● **PROVIDED MATERIAL**:
----

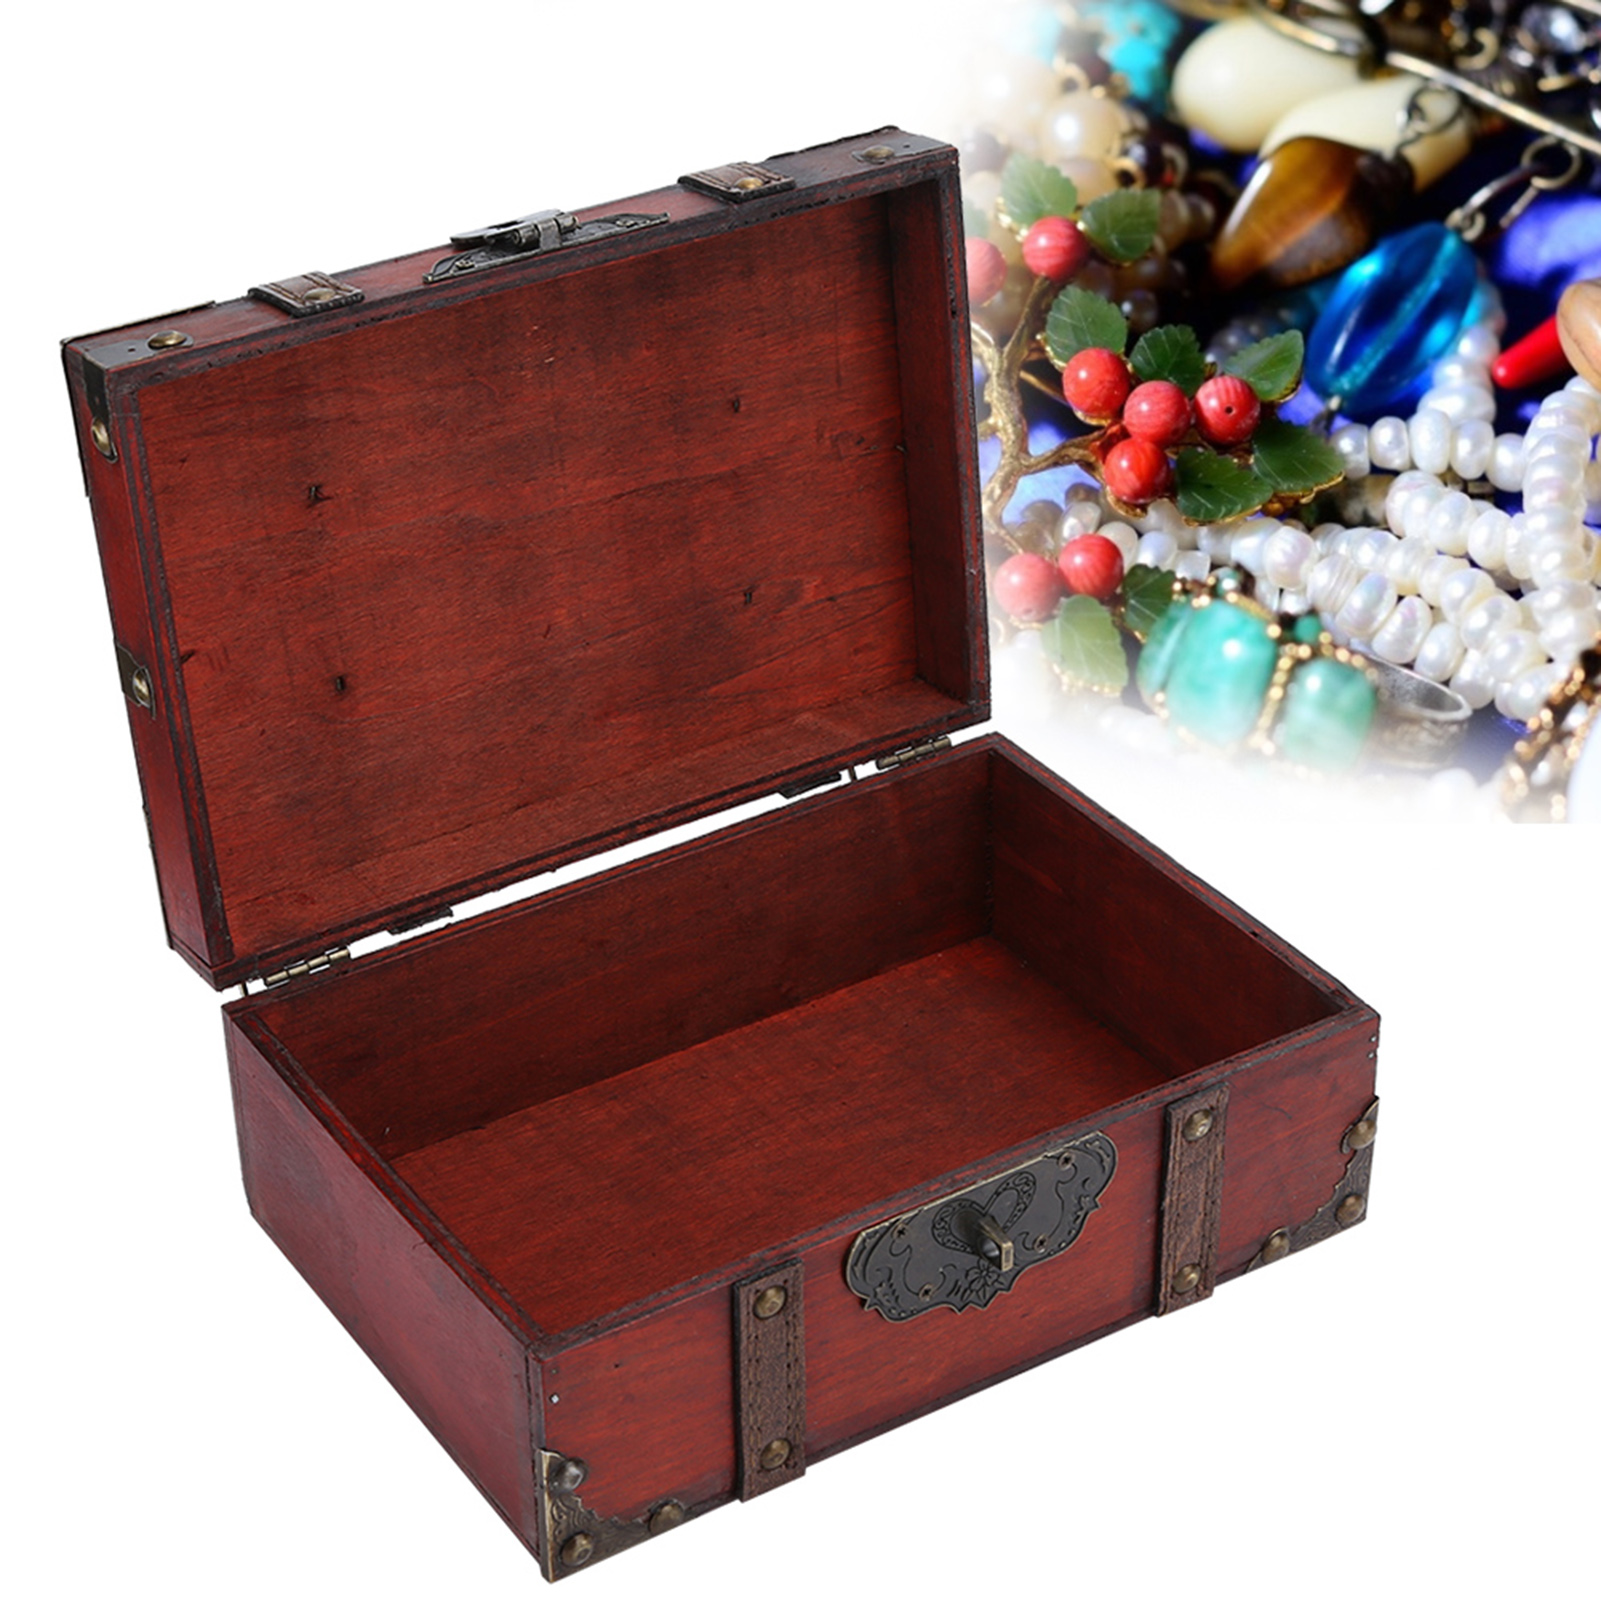 Tebru Wooden Box, Vintage Suitcase Lockable Box Vintage Wooden Storage Box  Decorative Jewelry Box With Lock For Home Large 32 X 23.5 X 11.5 Cm
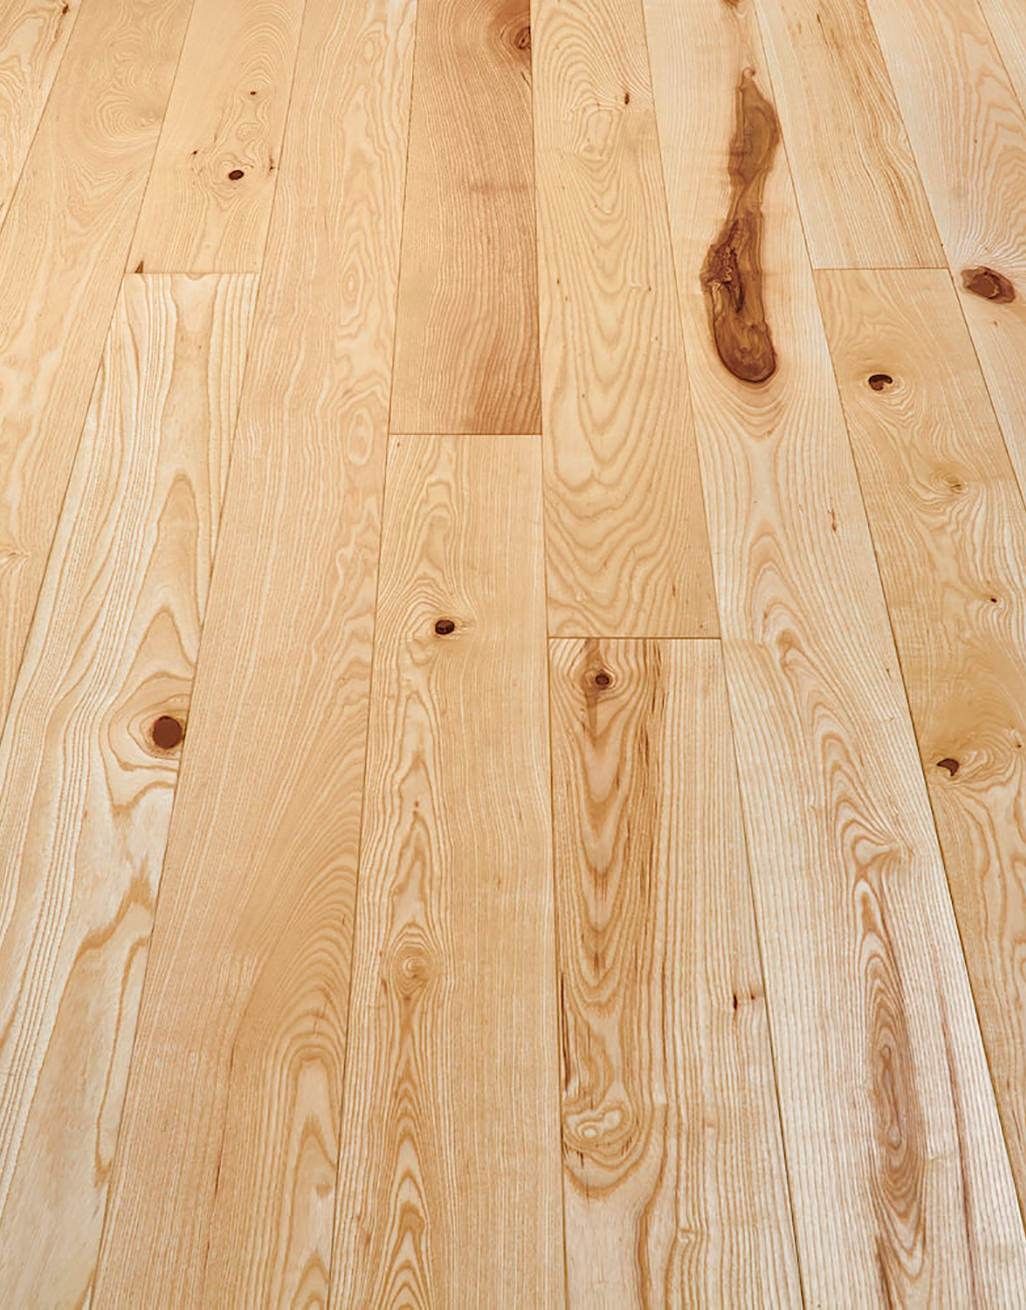 Natural Oiled Ash Solid Wood Flooring, Is Ash Wood Good For Flooring
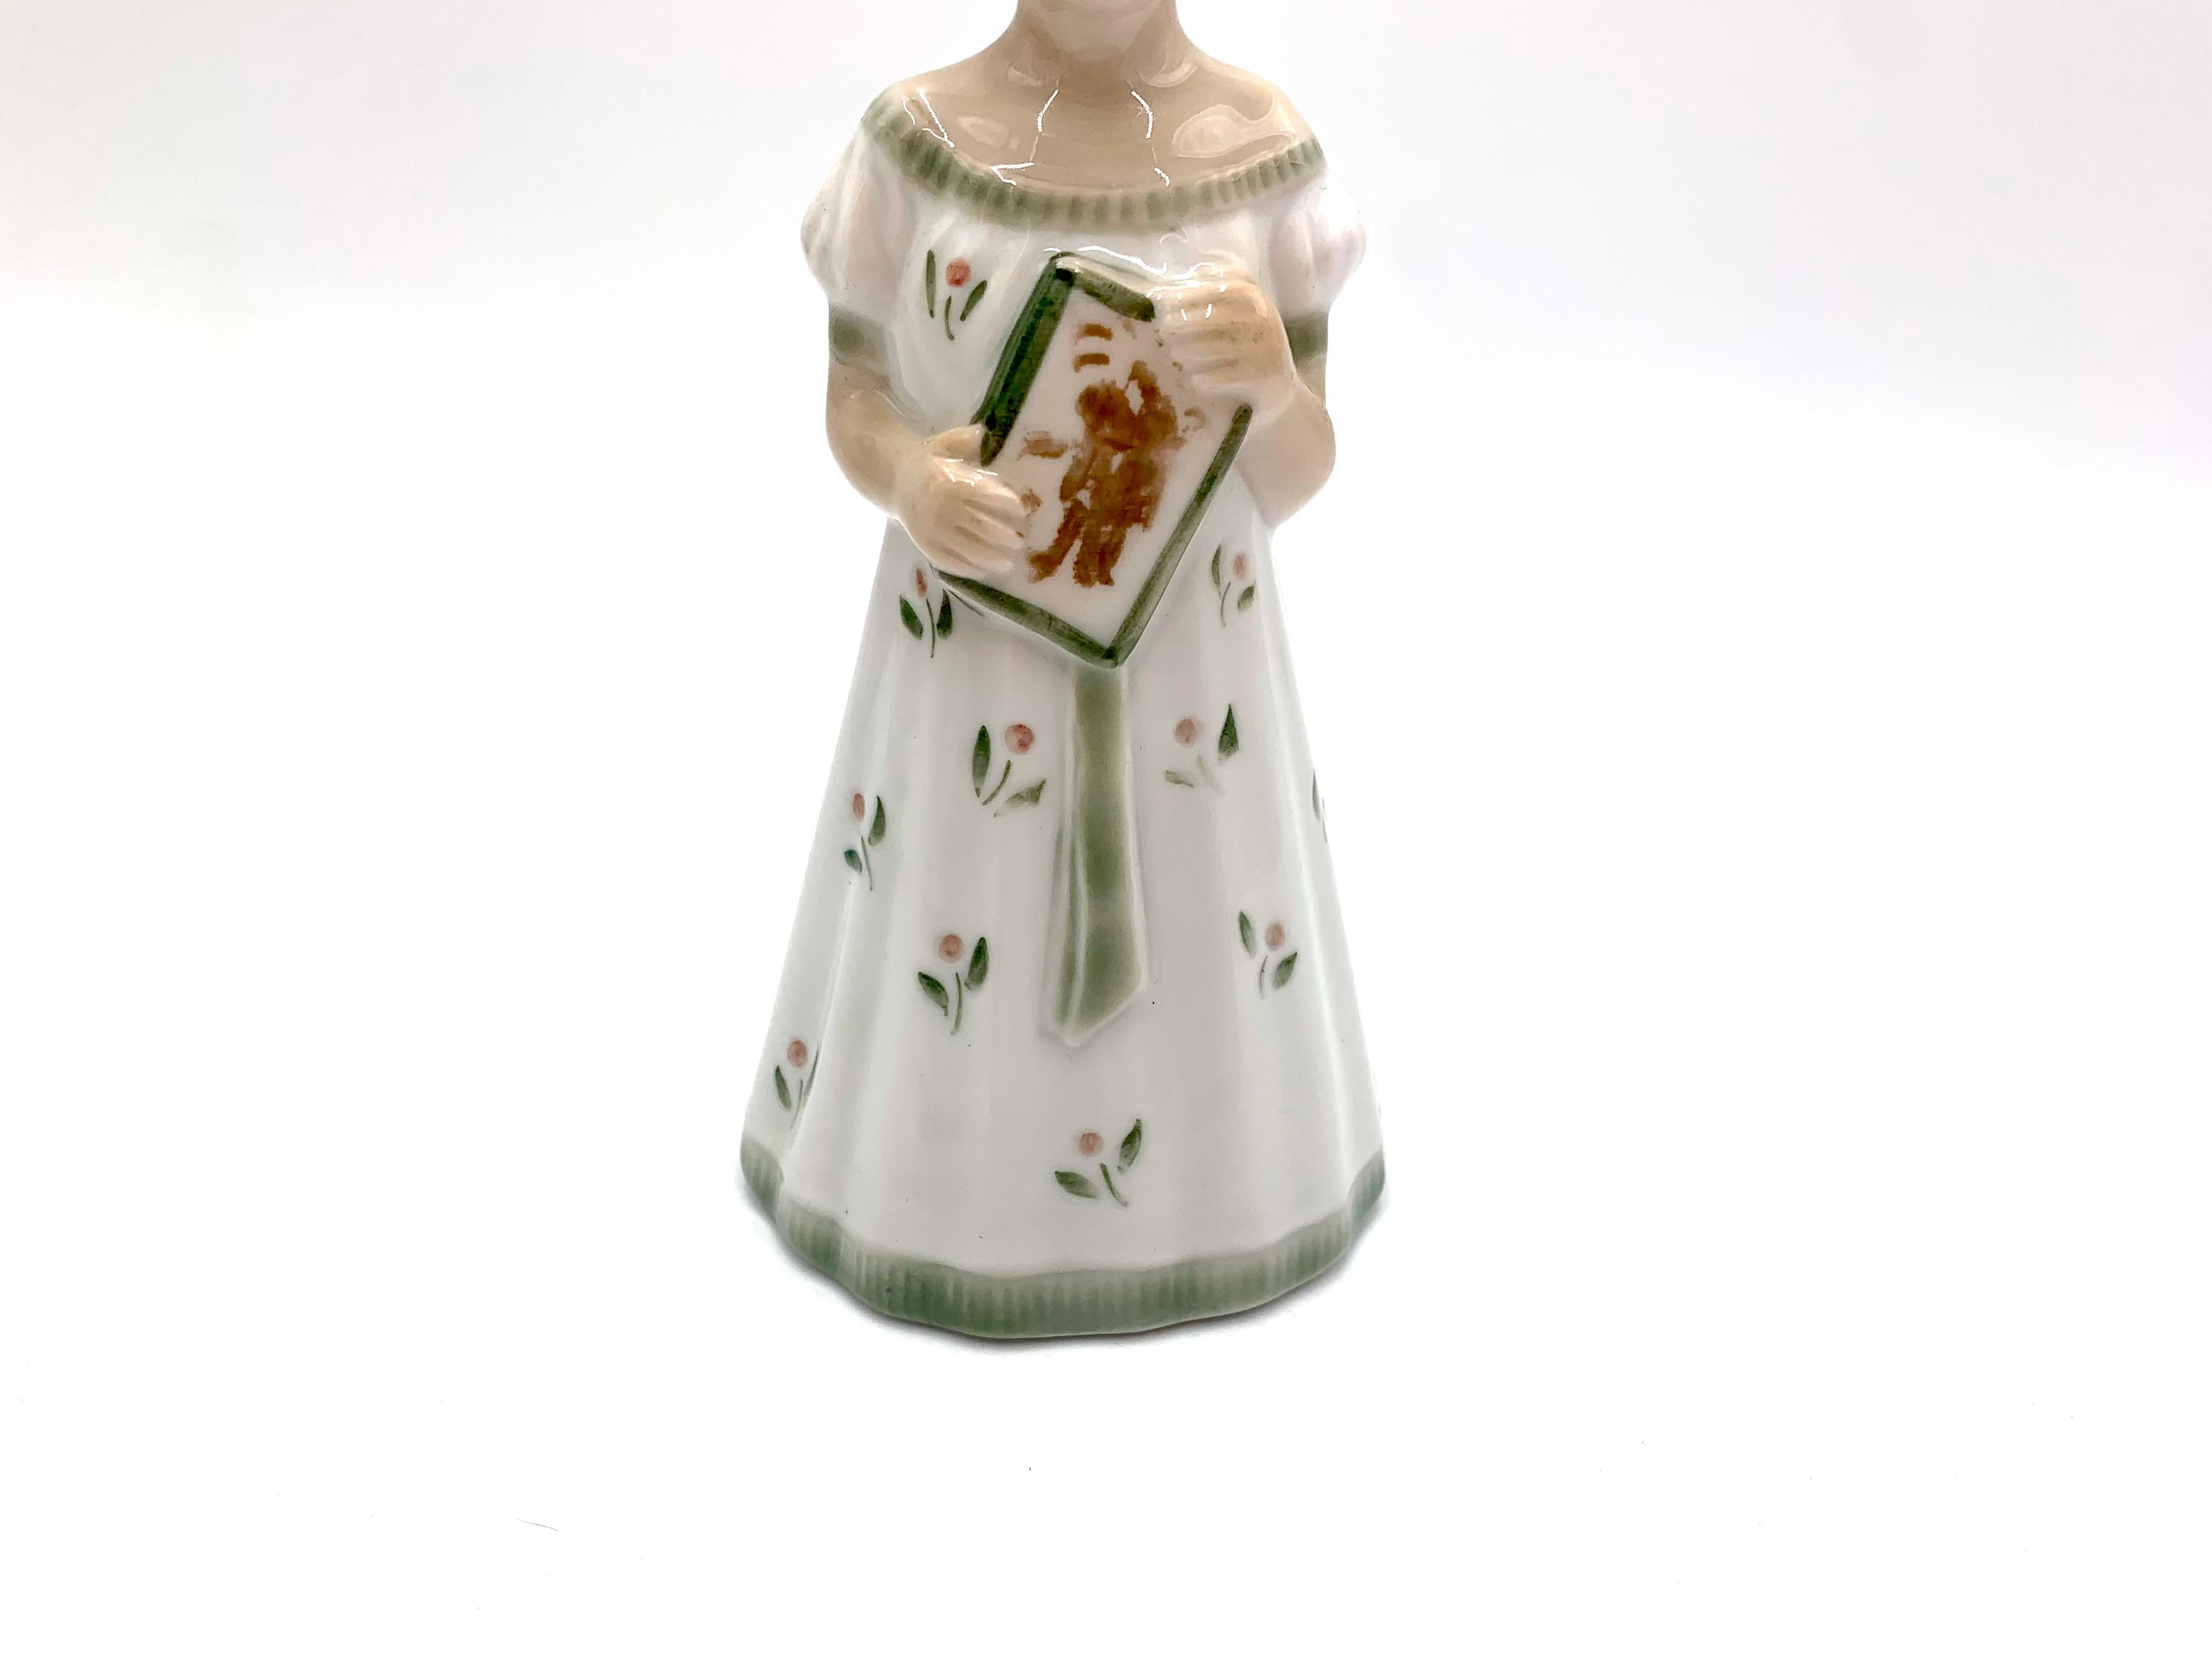 20th Century Porcelain Figurine of a Woman with a Book, Lyngby, Denmark, 1960s

----

● **TASK GOAL**: Give back the material above exactly, without pictures.

● **SOLUTION TO THIS PROBLEM**:
 Tebru Wooden Box, Vintage Suitcase Lockable Box Vintage Wooden Storage Box  Decorative Jewelry Box With Lock For Home Large 32 X 23.5 X 11.5 Cm
 Natural Oiled Ash Solid Wood Flooring, Is Ash Wood Good For Flooring
 20th Century Porcelain Figurine of a Woman with a Book, Lyngby, Denmark, 1960s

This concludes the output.